— DATA EXTRACTS —
---*---

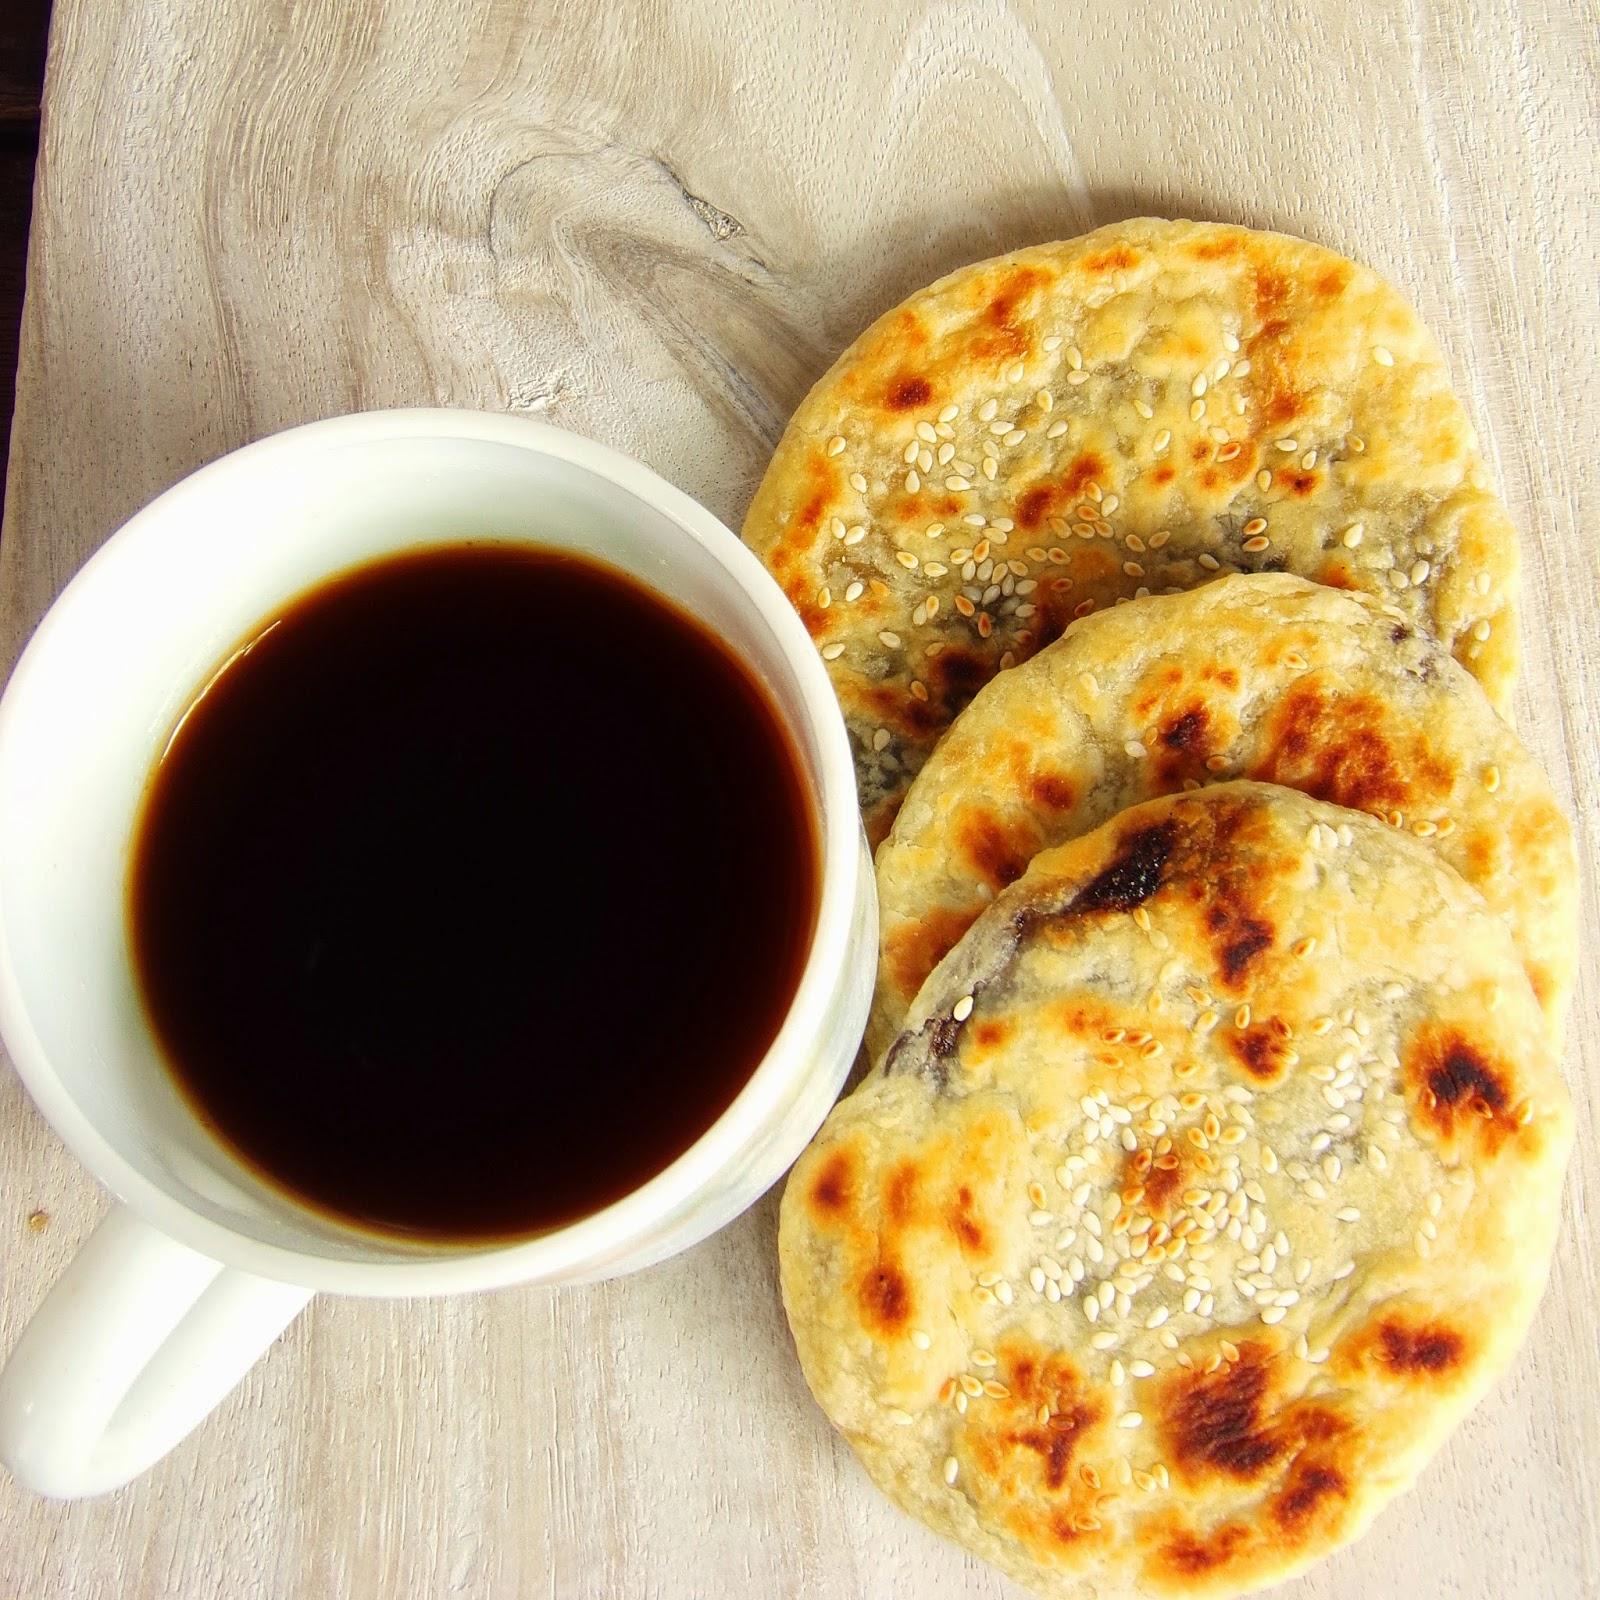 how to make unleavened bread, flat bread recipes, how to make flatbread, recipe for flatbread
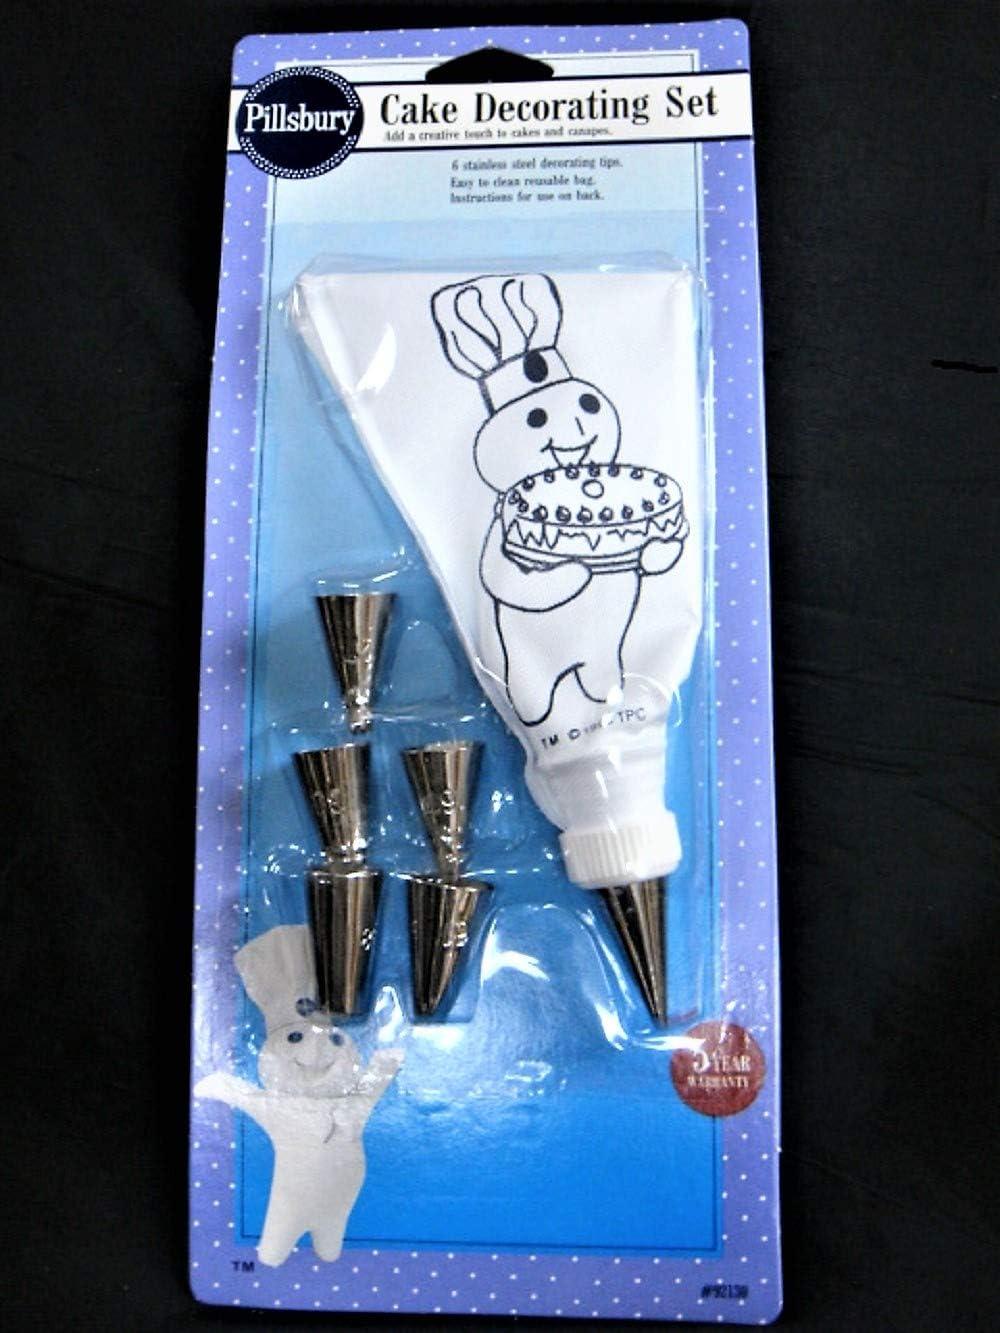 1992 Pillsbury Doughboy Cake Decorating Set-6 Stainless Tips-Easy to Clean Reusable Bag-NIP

---*---

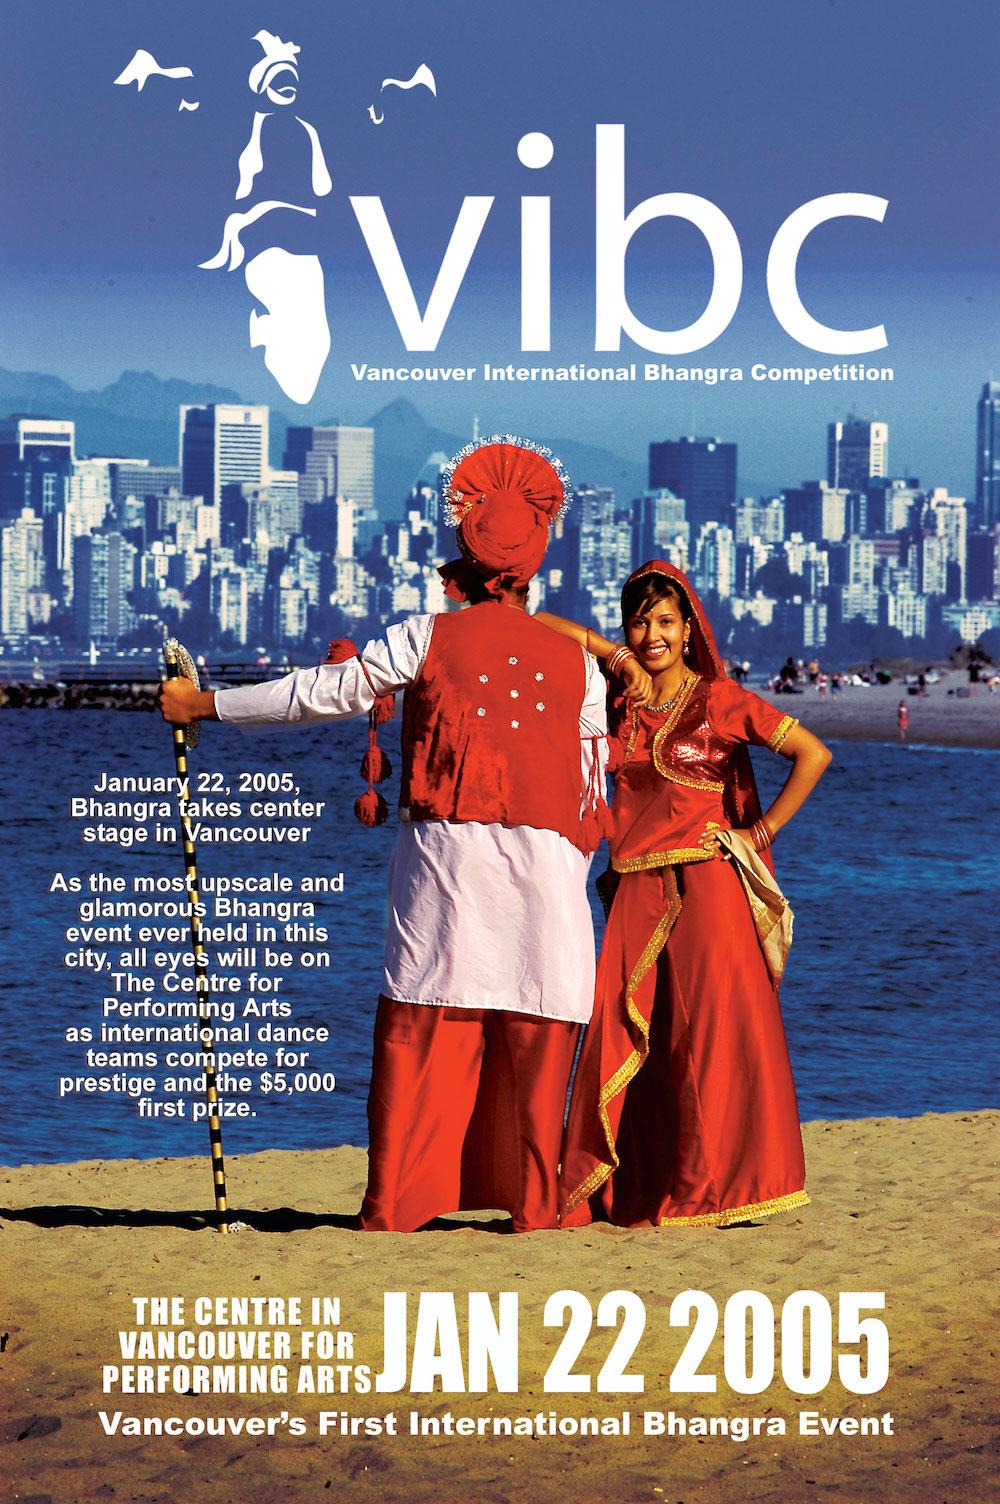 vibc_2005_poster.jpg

---*---

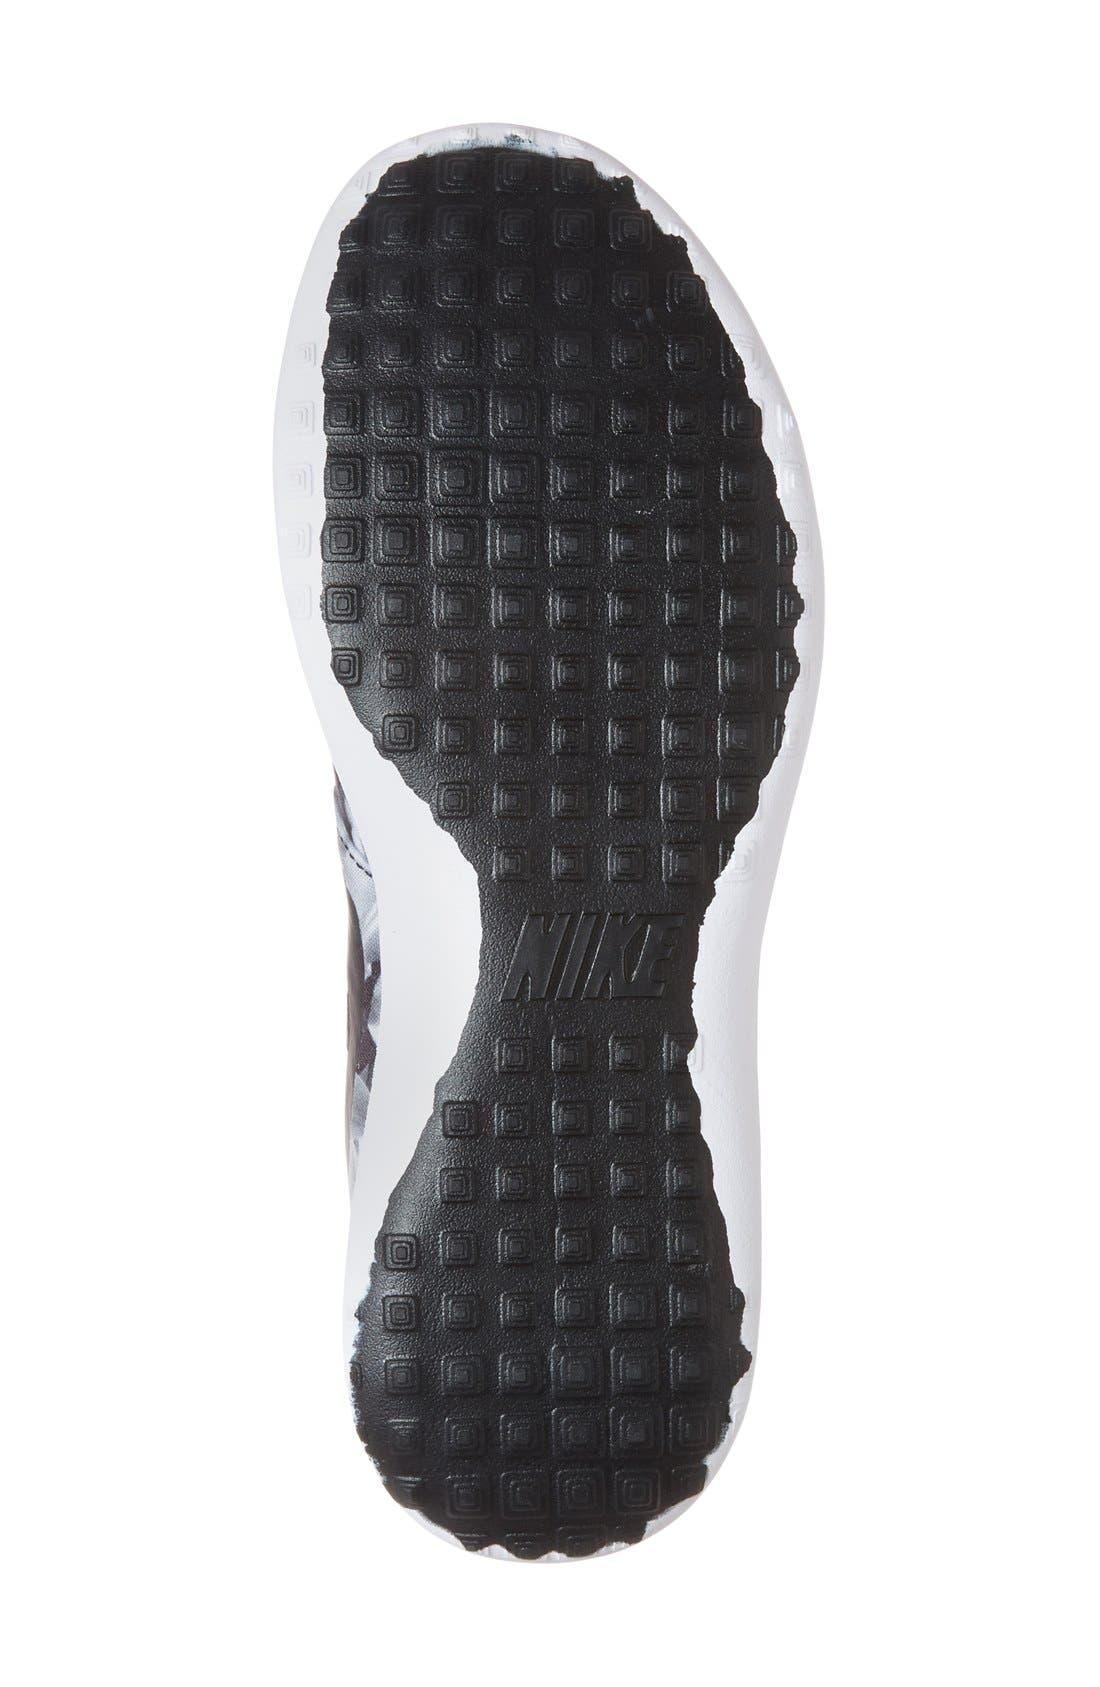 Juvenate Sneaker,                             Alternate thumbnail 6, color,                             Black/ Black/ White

---*---

After locating the line containing "how to make unleavened" in the entries above, return it and every line after it exactly, ending at the line containing "1992 Pillsbury Doughboy", without pictures.

— RESULT OF THE EXERCISE —
 how to make unleavened bread, flat bread recipes, how to make flatbread, recipe for flatbread
 1992 Pillsbury Doughboy Cake Decorating Set-6 Stainless Tips-Easy to Clean Reusable Bag-NIP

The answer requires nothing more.